The 18527 / 18528 Visakhapatnam–Charlapalli Express is an express train belonging to East Coast Railway zone that runs between the city Visakhapatnam Junction of Andhra Pradesh and Charlapalli of Telangana in India.

It operates as train number 18527 from Visakhapatnam Junction to Charlapalli and as train number 18528 in the reverse direction, serving the states of Andhra Pradesh and Telangana.

== Services ==
• 18527/ Visakhapatnam–Charlapalli Express has an average speed of 47 km/h and covers 683 km in 14h 30m.
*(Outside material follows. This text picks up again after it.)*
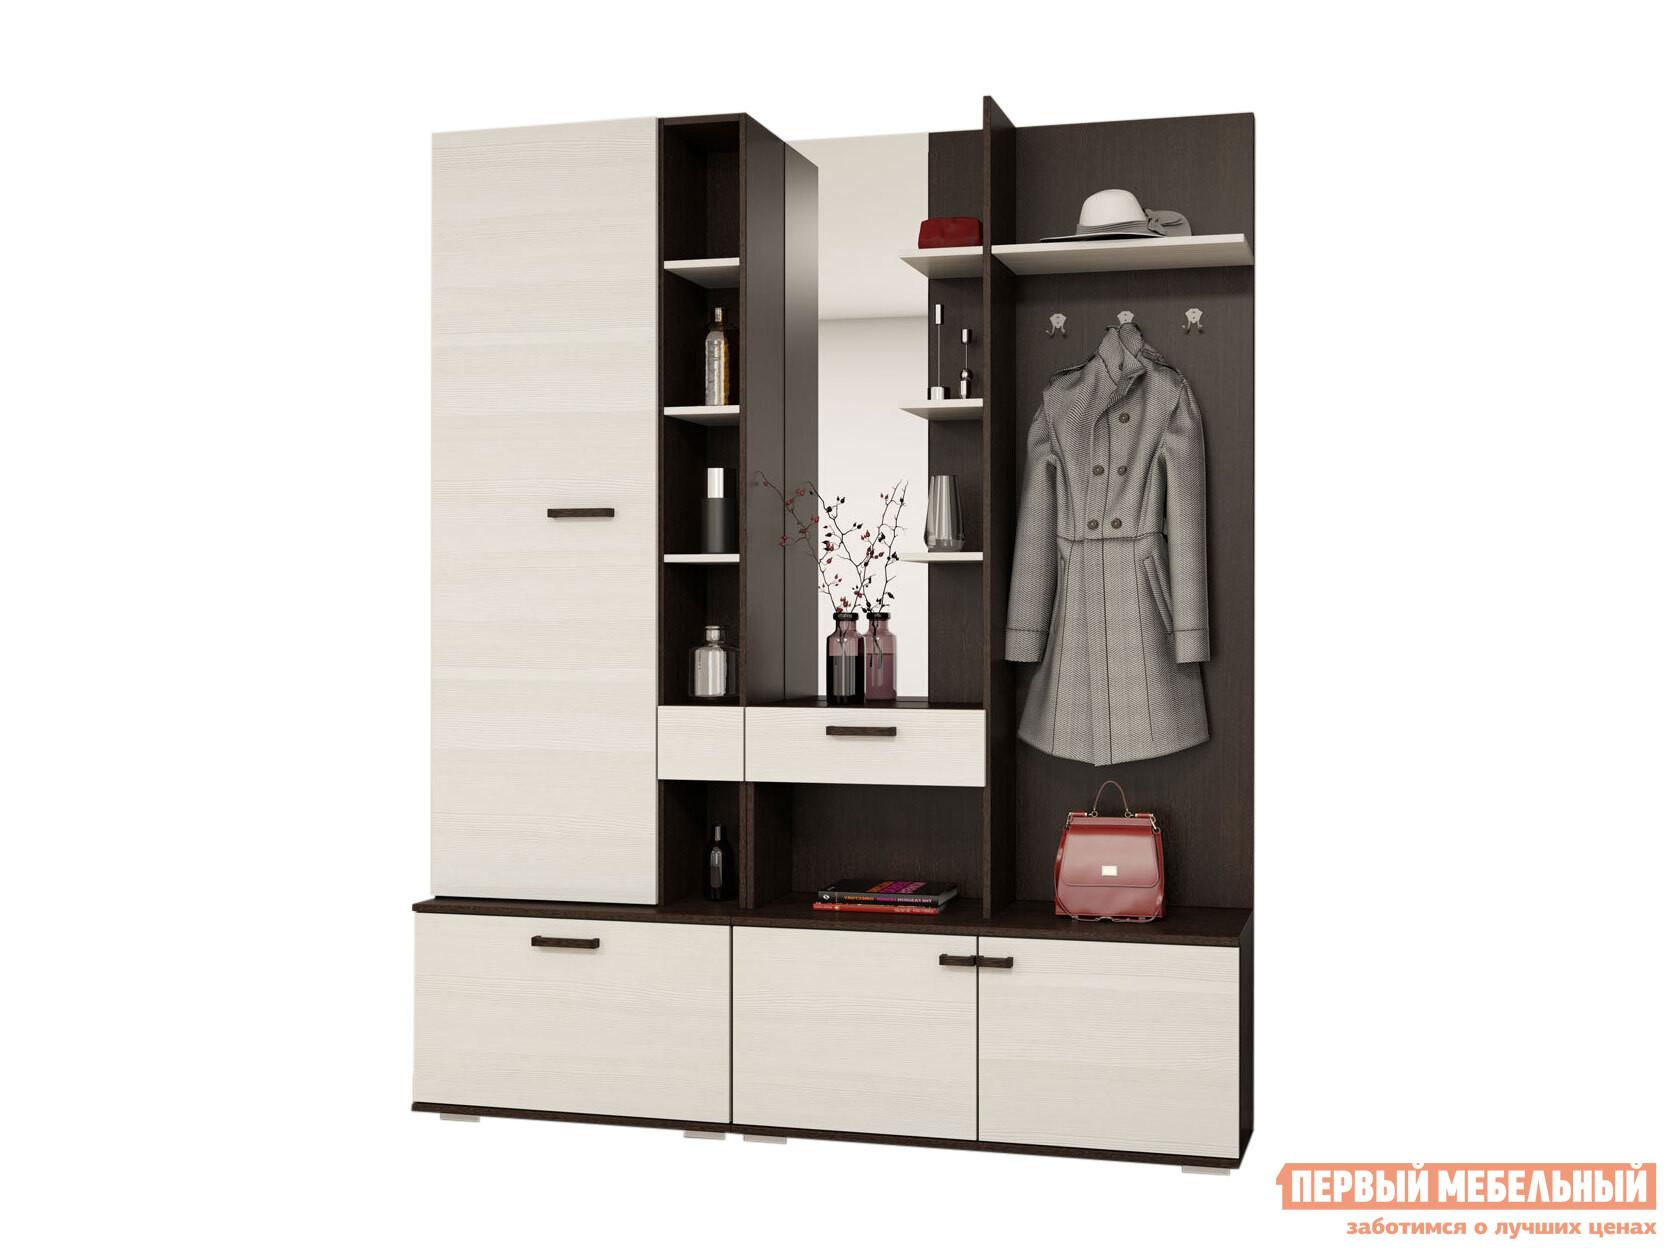 Комплект мебели для прихожей Первый Мебельный Комплект мебели для прихожей Инес

• 18528/ Charlapalli–Visakhapatnam Express has an average speed of 46 km/h and covers 683 km in 14h 50m.

== Route and halts ==
The important halts of the train are :
- Visakhapatnam Junction
- Duvvada
- Anakapalle
- Elamanchili
- Tuni
- Annavaram
- Samalkot Junction
- Rajahmundry
- Eluru
- Rayanpadu
- Khammam
- Warangal
- Kazipet Junction
- Charlapalli

== Schedule ==
• 18527 – 5:30 pm (Friday) [Visakhapatnam Junction]
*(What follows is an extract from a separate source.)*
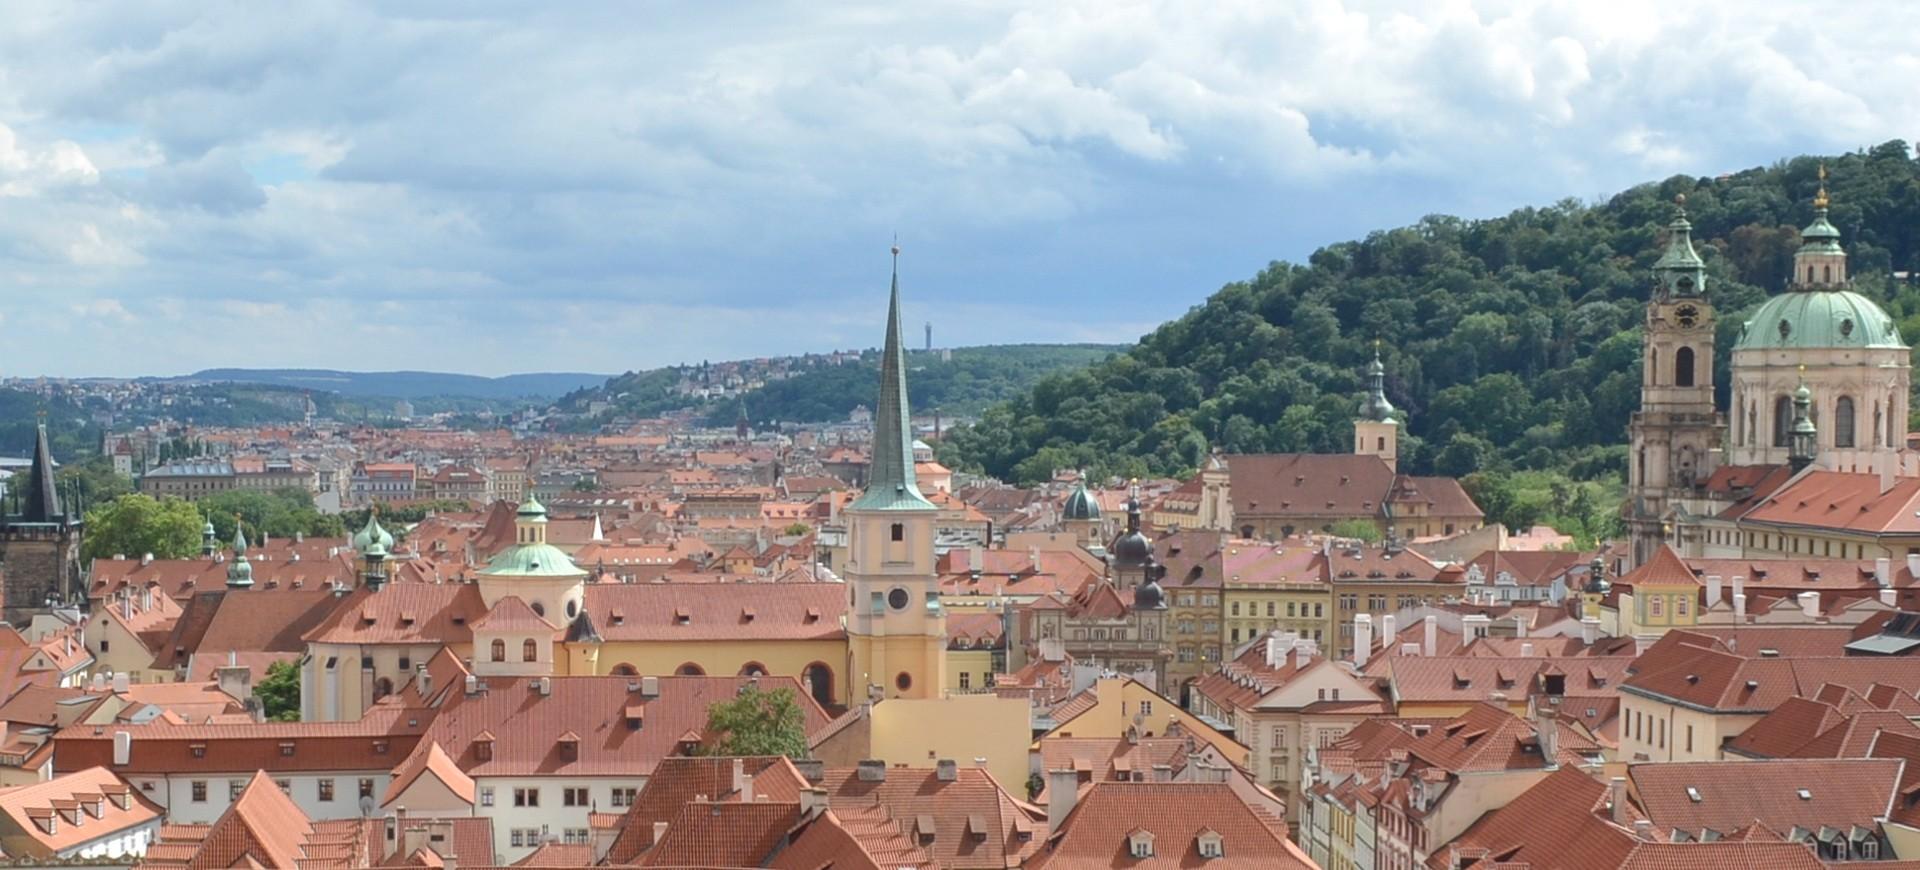 République Tchèque Prague Vieille ville Mala Strana by ZB

• 18528 – 2:30 pm (Saturday) [Charlapalli]

== Coach composition ==

1. General Unreserved – 4
2. Sleeper Class – 6
3. AC 3rd Class – 1
4. AC 3rd Class Economy – 1
5. AC 2nd Class – 1

== Traction ==
As the entire route is fully electrified, it is hauled by a Royapuram Shed-based WAP-7 electric locomotive from Visakhapatnam Junction to Charlapalli and vice versa.

== Rake reversal or rake share ==
No rake reversal or rake share.

== See also ==
Trains from Visakhapatnam Junction :

1. Kollam–Visakhapatnam Express
2. Visakhapatnam–Gandhidham Express
3. Visakhapatnam–Tirupati Double Decker Express
4. Tirumala Express
5. Visakhapatnam–Secunderabad Vande Bharat Express

Trains from Charlapalli :

1. Charlapalli – Thiruvananthapuram North Amrit Bharat Express
2. Charlapalli–Shalimar Amrit Bharat Express
3. Gorakhpur–Charlapalli Express
4. Muzaffarpur–Charlapalli Amrit Bharat Express
5. Chennai–Charlapalli Superfast Express

== Notes ==
a. Runs one day in a week with both directions.